Frage an Angelika Graf von Andreas R. bezüglich Kultur

Sehr geehrte Frau Graf,

ich bin konfessionslos und wie mir geht es einem Drittel (in wenigen Jahren der Hälfte) der deutschen Bevölkerung. Mir macht es große Sorge, dass die Integrationsdebatte neuerdings als Religionsdebatte geführt wird. Da wird von einer "christlichen" Leitkultur gesprochen. Da wird von "muslimischen" Einwanderern gesprochen. Da wird davon gesprochen, man müsse "muslimischen" Religionsunterricht geben oder sogar "muslimische" Feiertage einführen.
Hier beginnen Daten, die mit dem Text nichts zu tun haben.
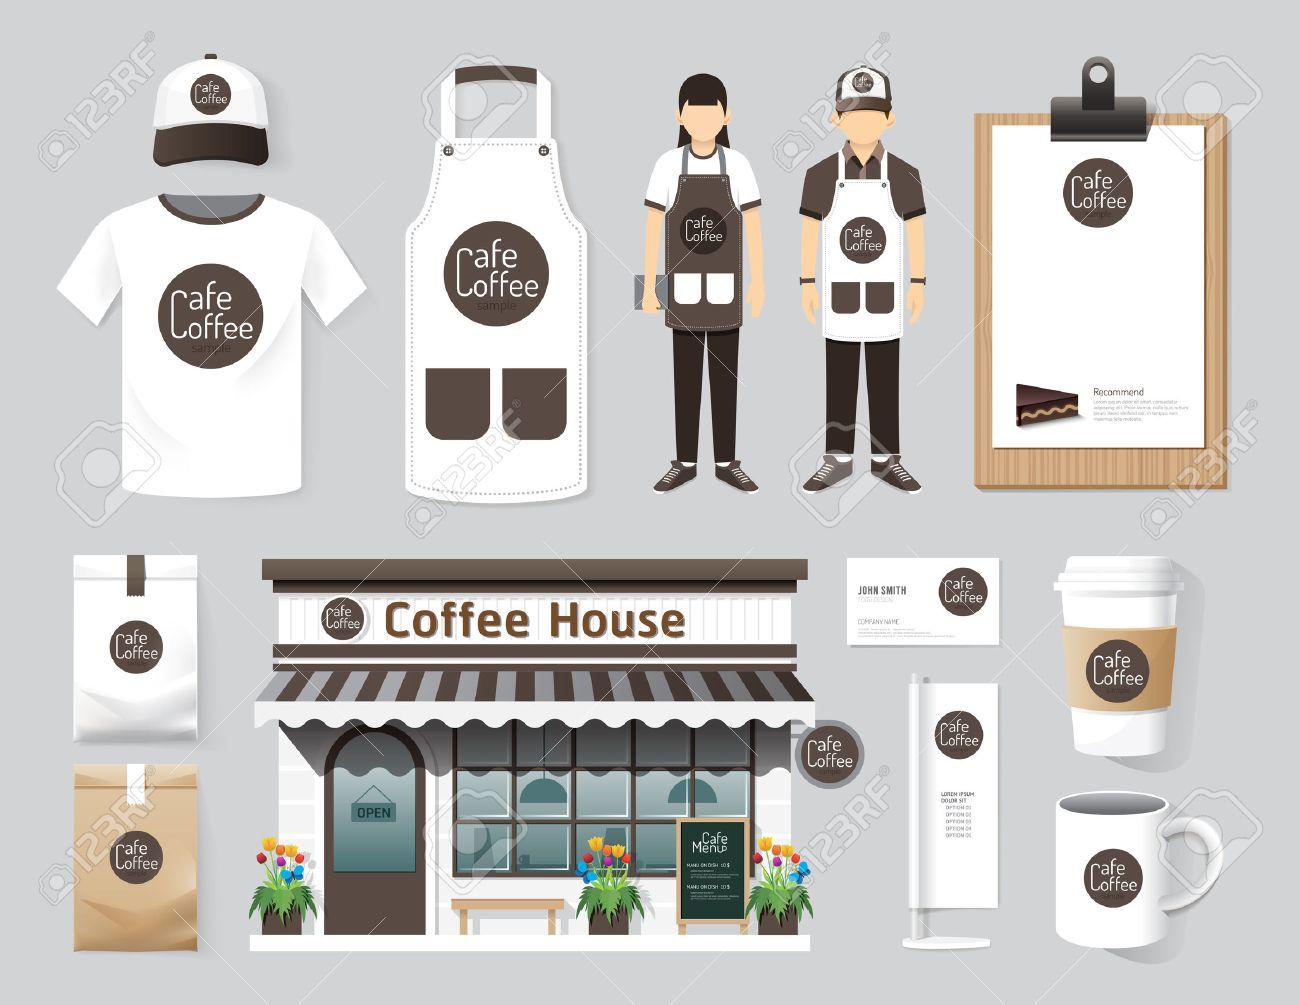 White apron mockup free - Apron Template Vector Restaurant Cafe Set Shop Front Design Flyer Menu Package

Bei all der Diskussion wird vergessen, dass erst durch die Abkehr vom Christentum in der Renaissance, durch die Menschenrechte, die von erklärten Nichtchristen wie Huxley erdacht wurde, und durch die Rückbesinnung auf vorchristliche, nichtreligiöse Philosophen (die "Alten Griechen") unsere heutige Leitkultur entstand. Philosopen wie Feuerbach und Nietzsche werden weggewischt. Darwin nicht erwähnt. Ich habe richtig Angst vor einer Wiederkehr der Religion, besonders bei den Einwanderern aus der Türkei. In der ganzen Debatte wird also so getan als ob einzig die Religionsfreiheit das Grundgesetz darstellt. Was musste unsere Generation erst auf die Straße gehen, um die Rechte von Frauen, Schwulen und Studenten zu erkämpfen. Soll das nun von Wulff & Co. zurückgedreht werden?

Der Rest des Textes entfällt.